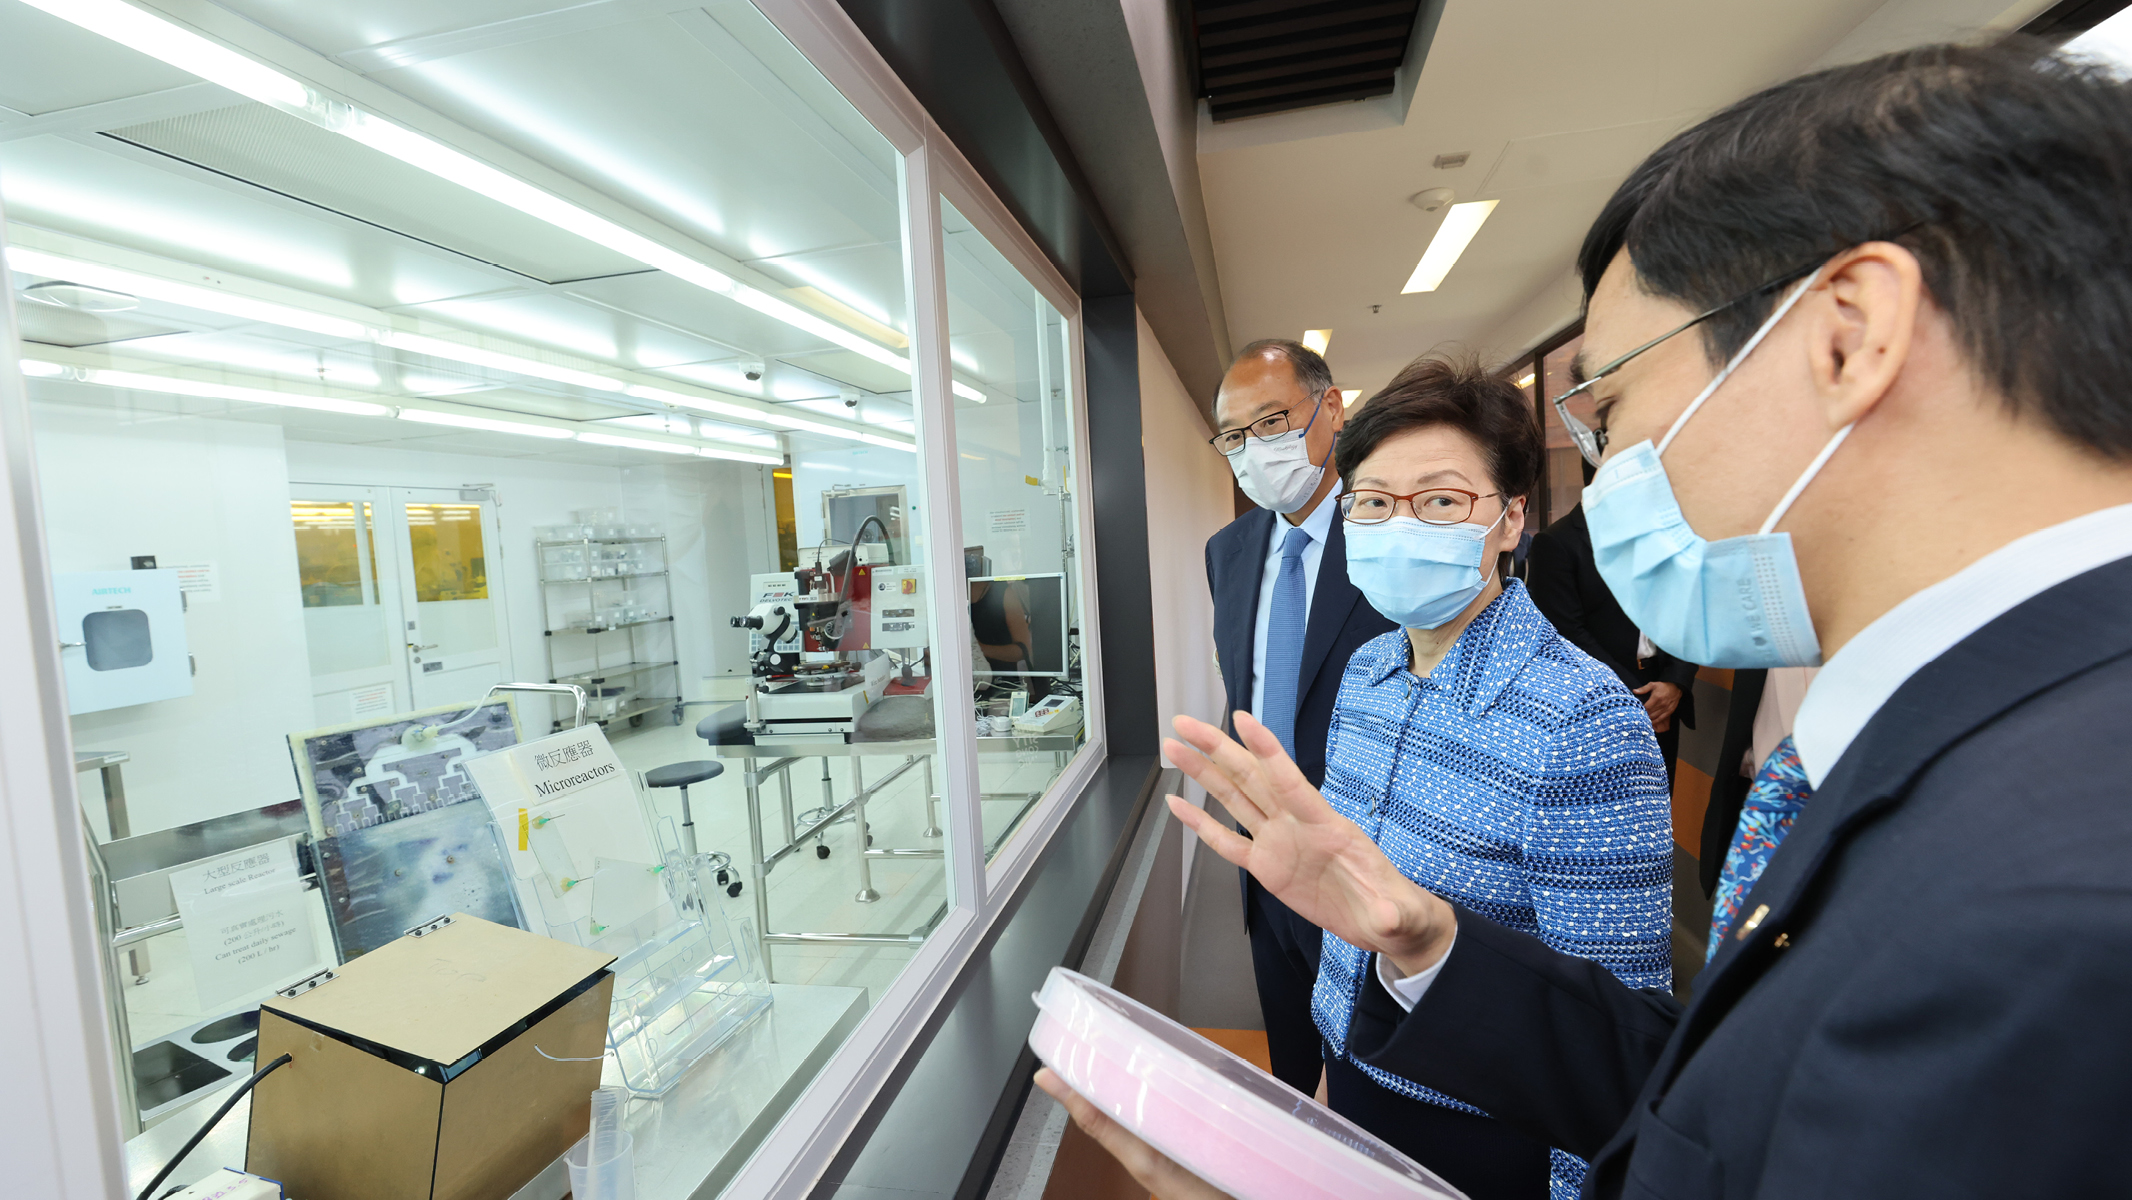 Professor Daniel Lau (first from right), Director of UMF and Head of Department of Applied Physics, showed Mrs Lam the projects conducted in the UMF’s Cleanroom.
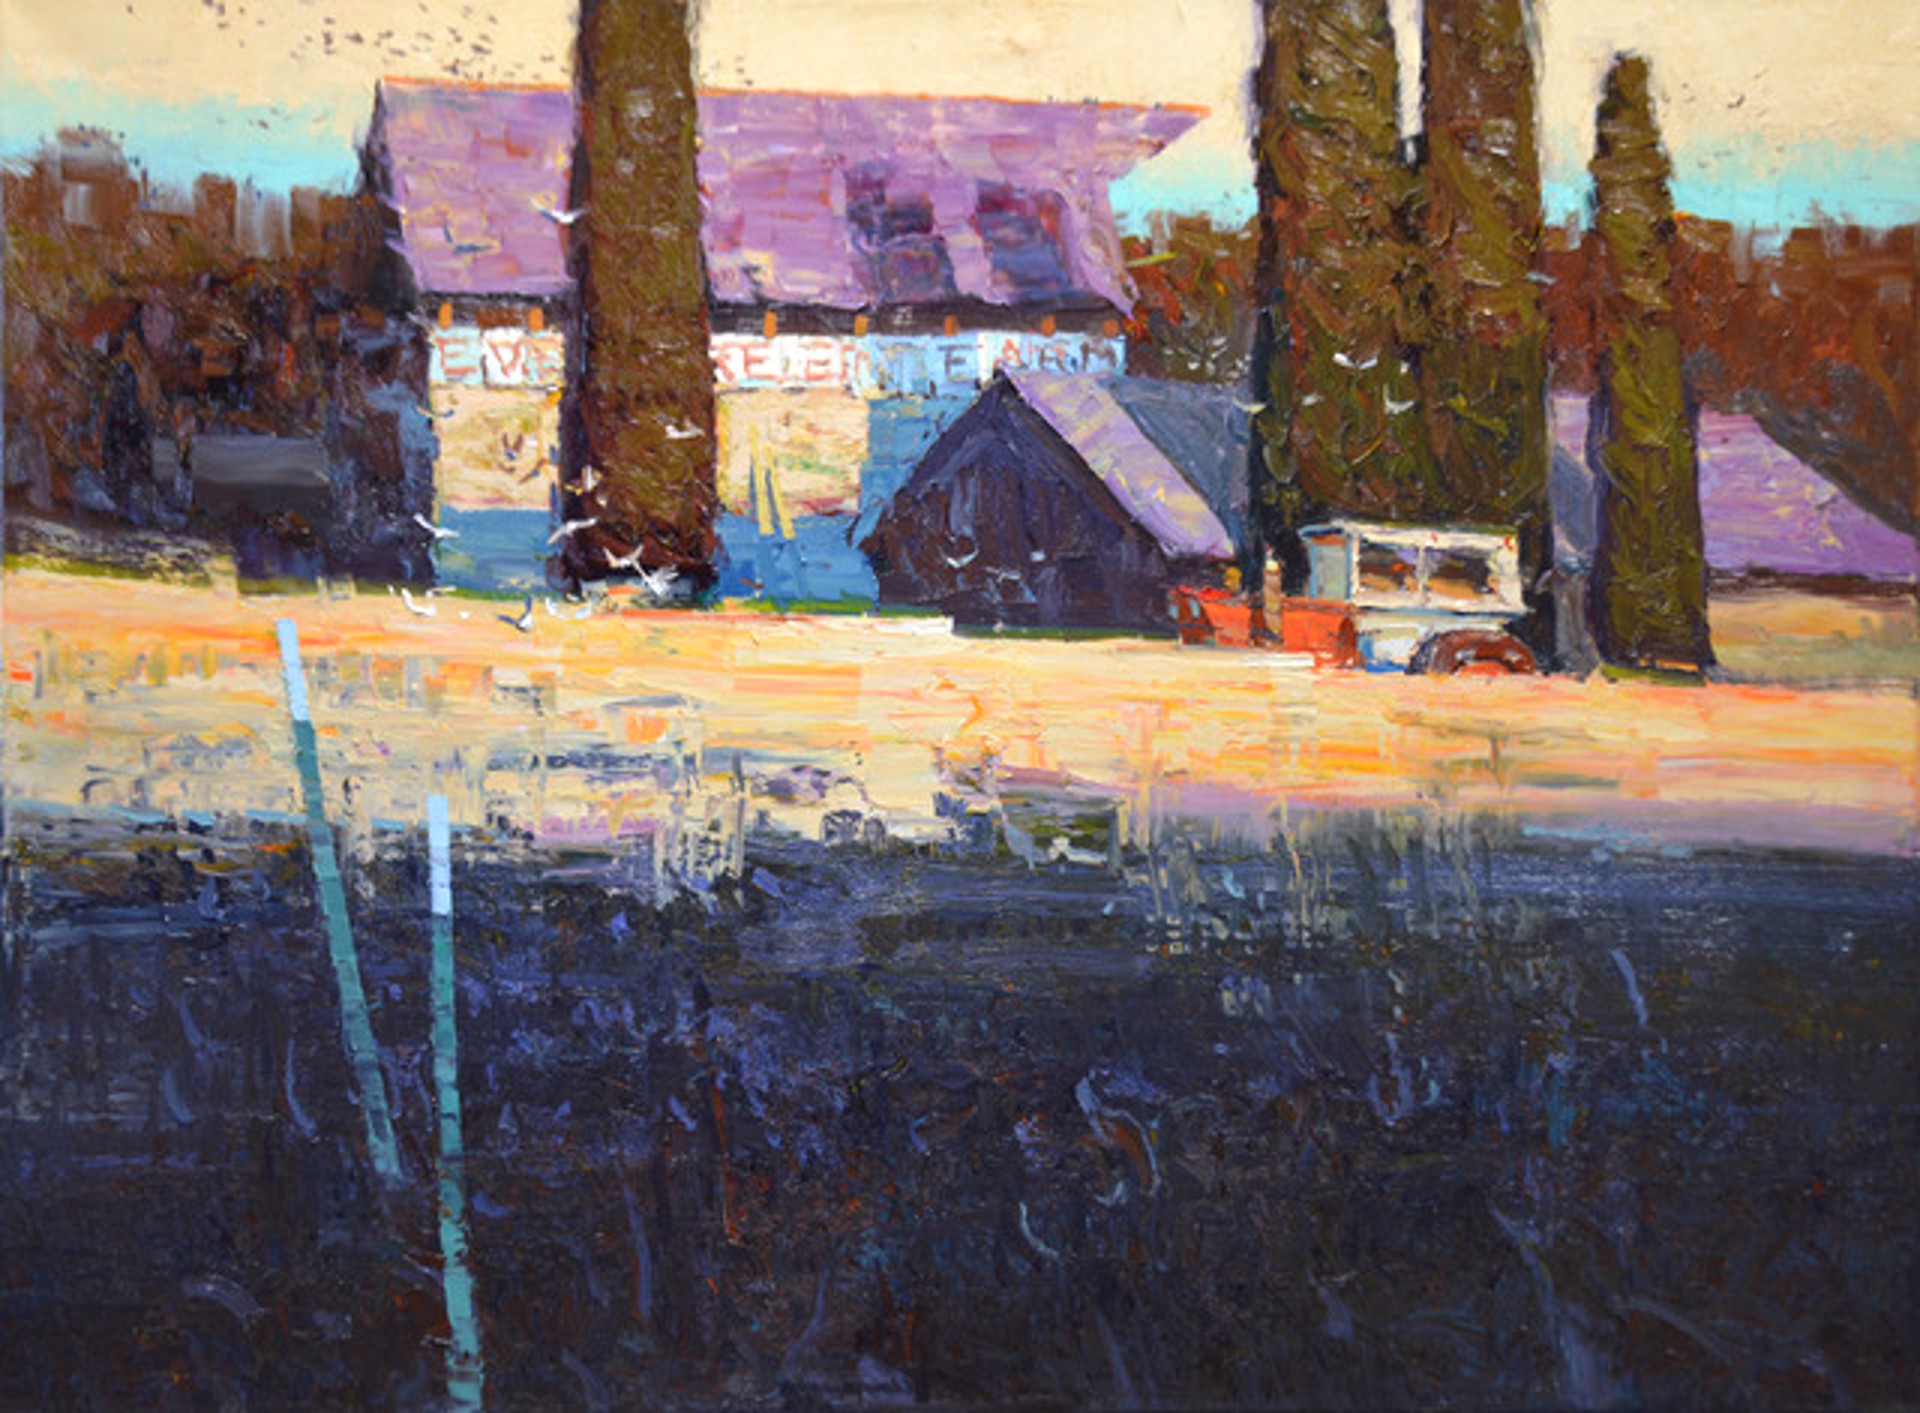 A Palette Knife Oil Painting Of A Barn With A Tractor In Front And A flock Of Birds By Silas Thompson At Gallery Wild
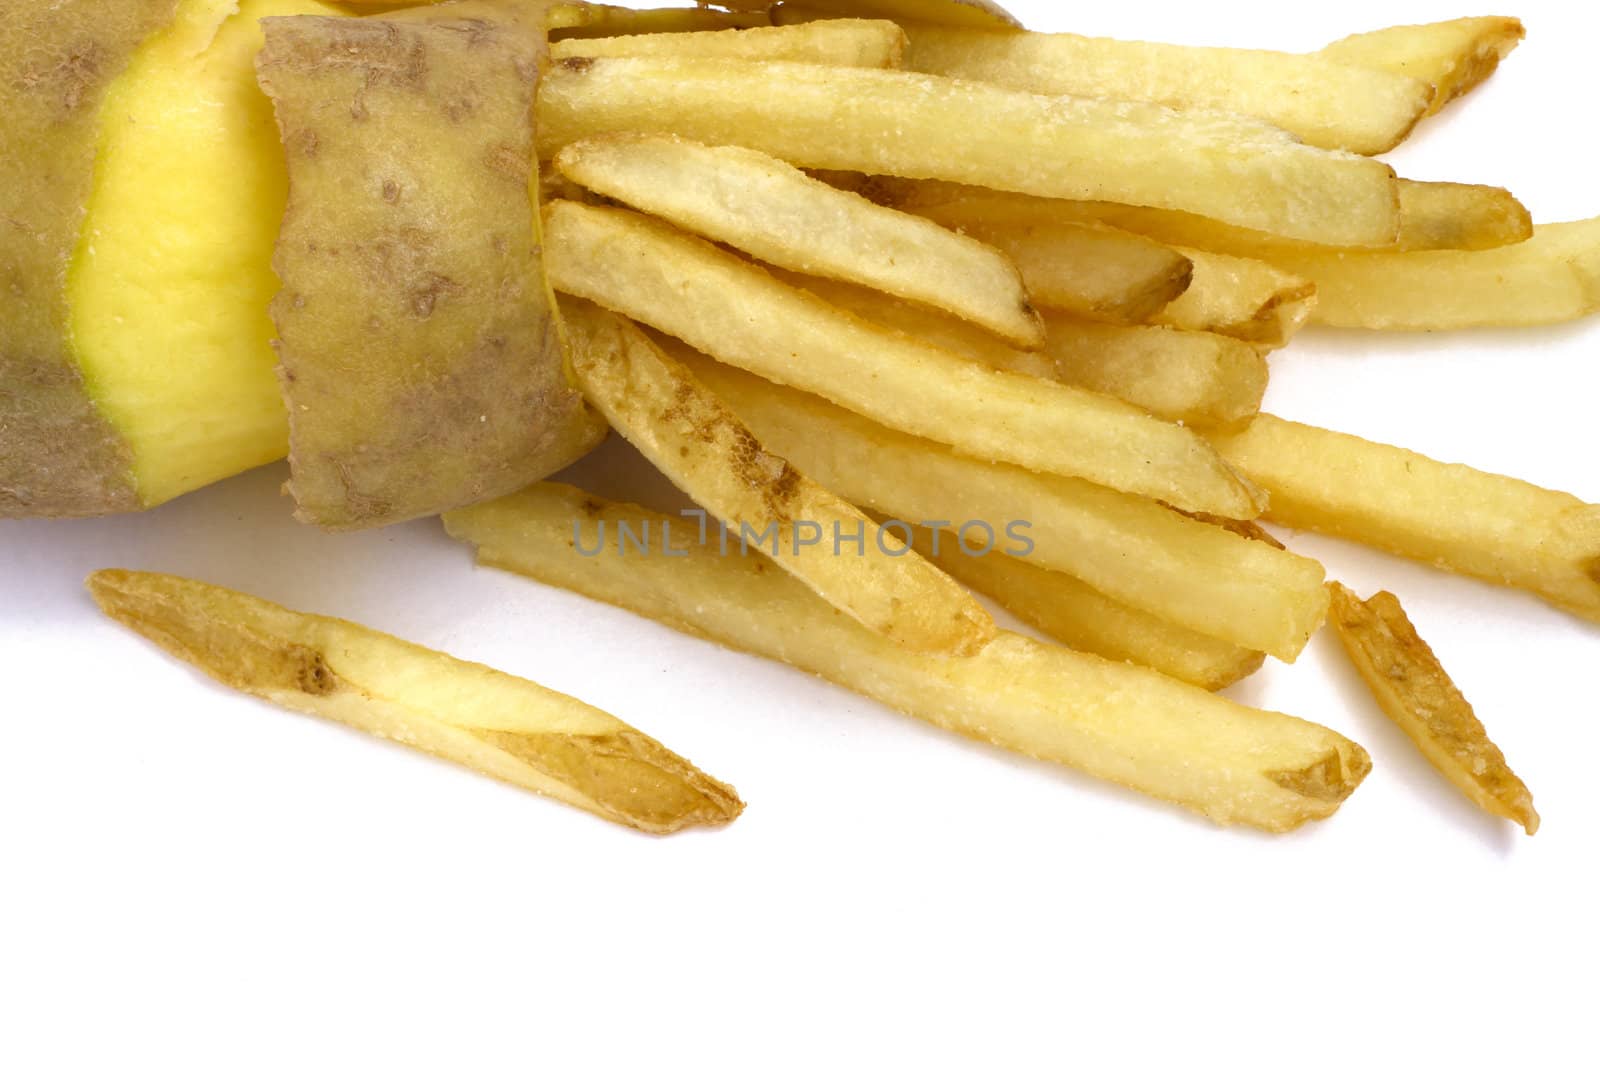 Peeled potato and french fries concept isolated on white
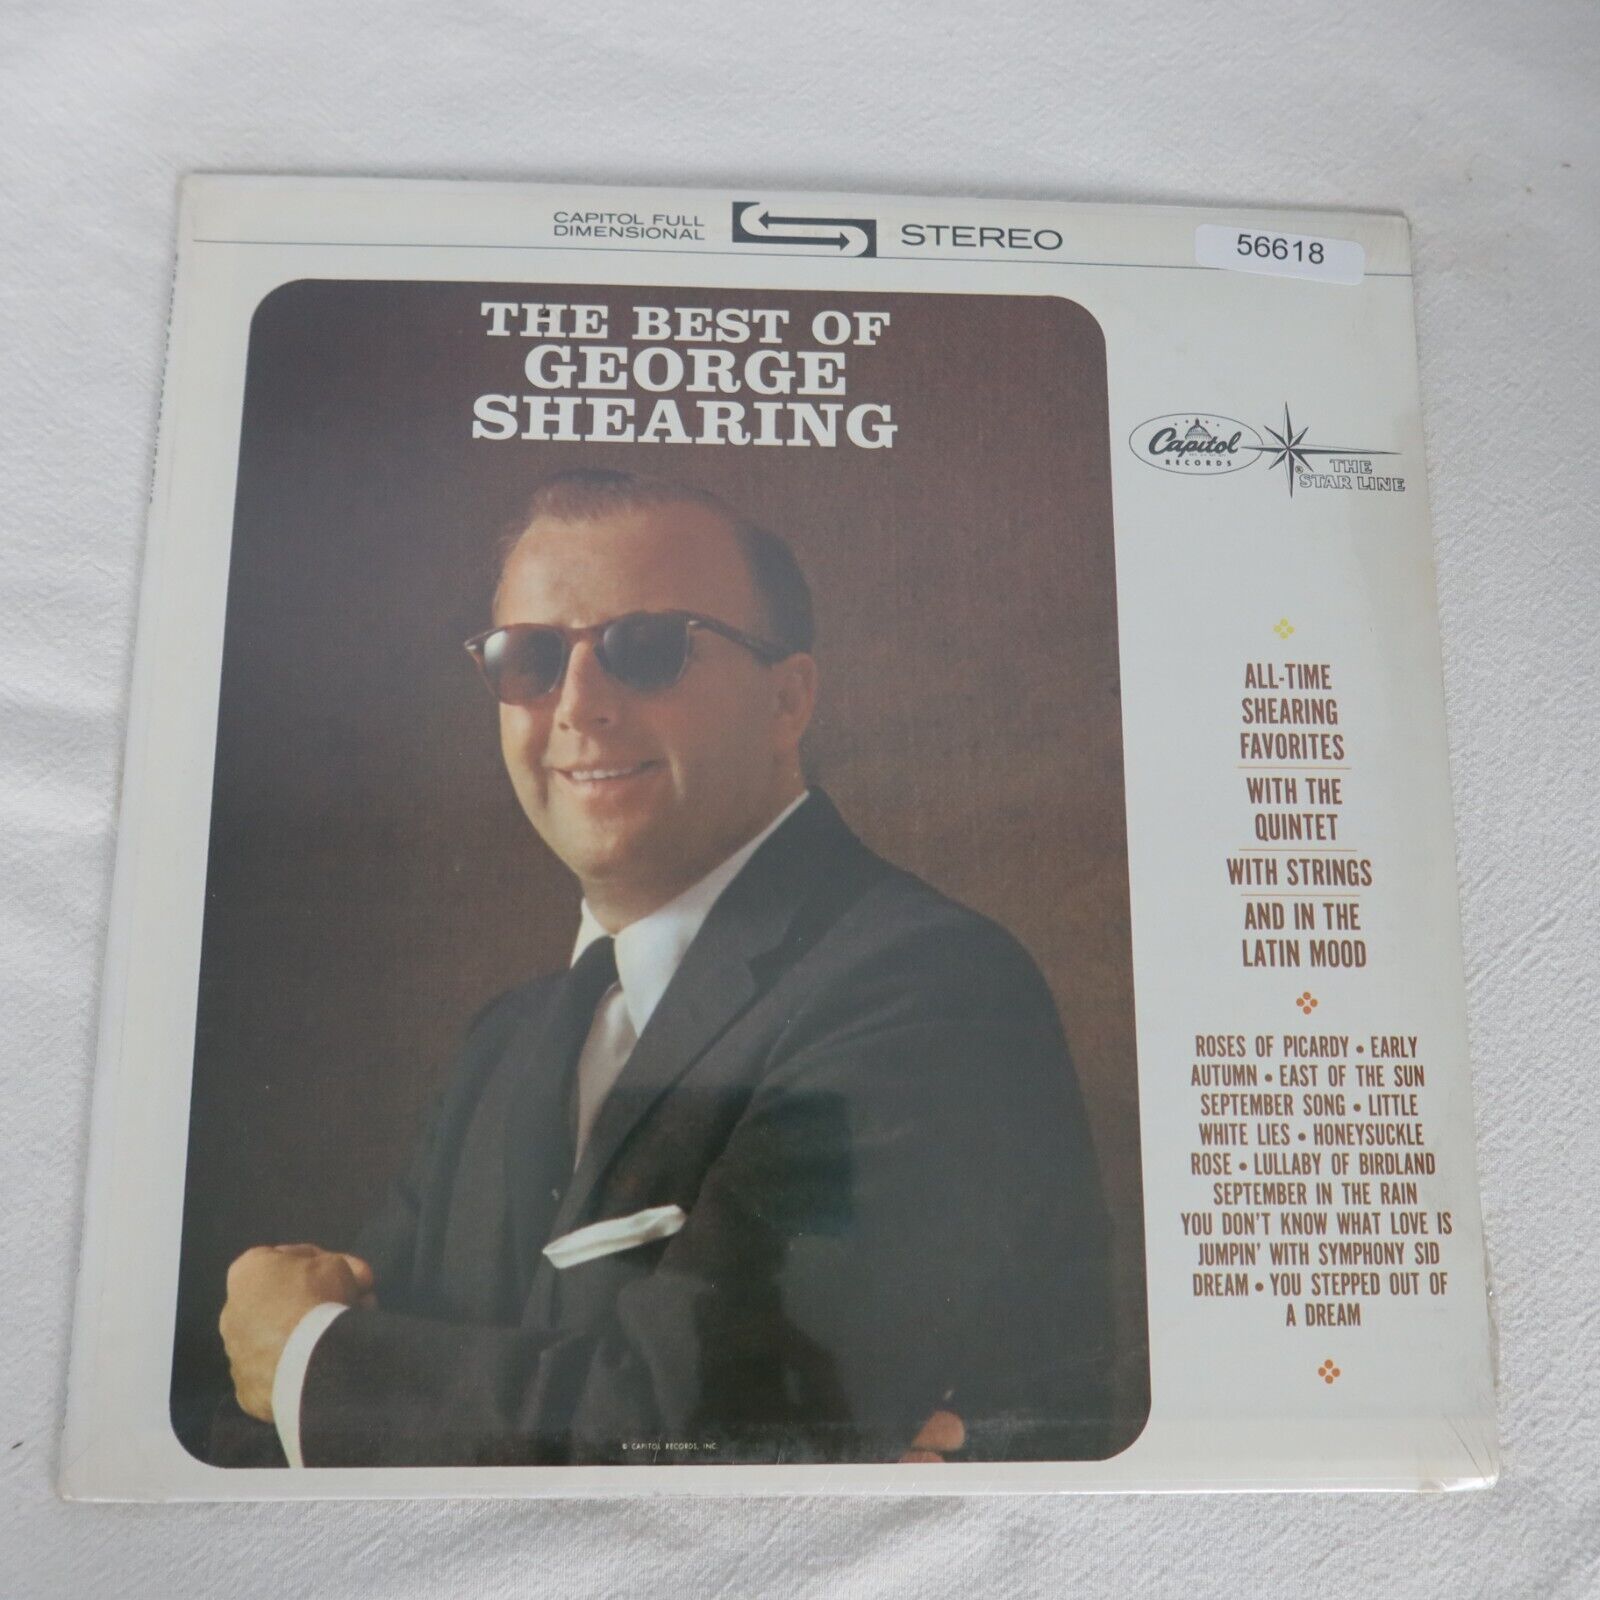 NEW George Shearing The Best Of CAPITOL w/ Shrink LP Vinyl Record Album

▸ **Description of the task**: Give the preceding data back exactly, minus every picture.

▸ **Result**:
 Professor Daniel Lau (first from right), Director of UMF and Head of Department of Applied Physics, showed Mrs Lam the projects conducted in the UMF’s Cleanroom.
 A Palette Knife Oil Painting Of A Barn With A Tractor In Front And A flock Of Birds By Silas Thompson At Gallery Wild
 Peeled potato and french fries concept isolated on white
 NEW George Shearing The Best Of CAPITOL w/ Shrink LP Vinyl Record Album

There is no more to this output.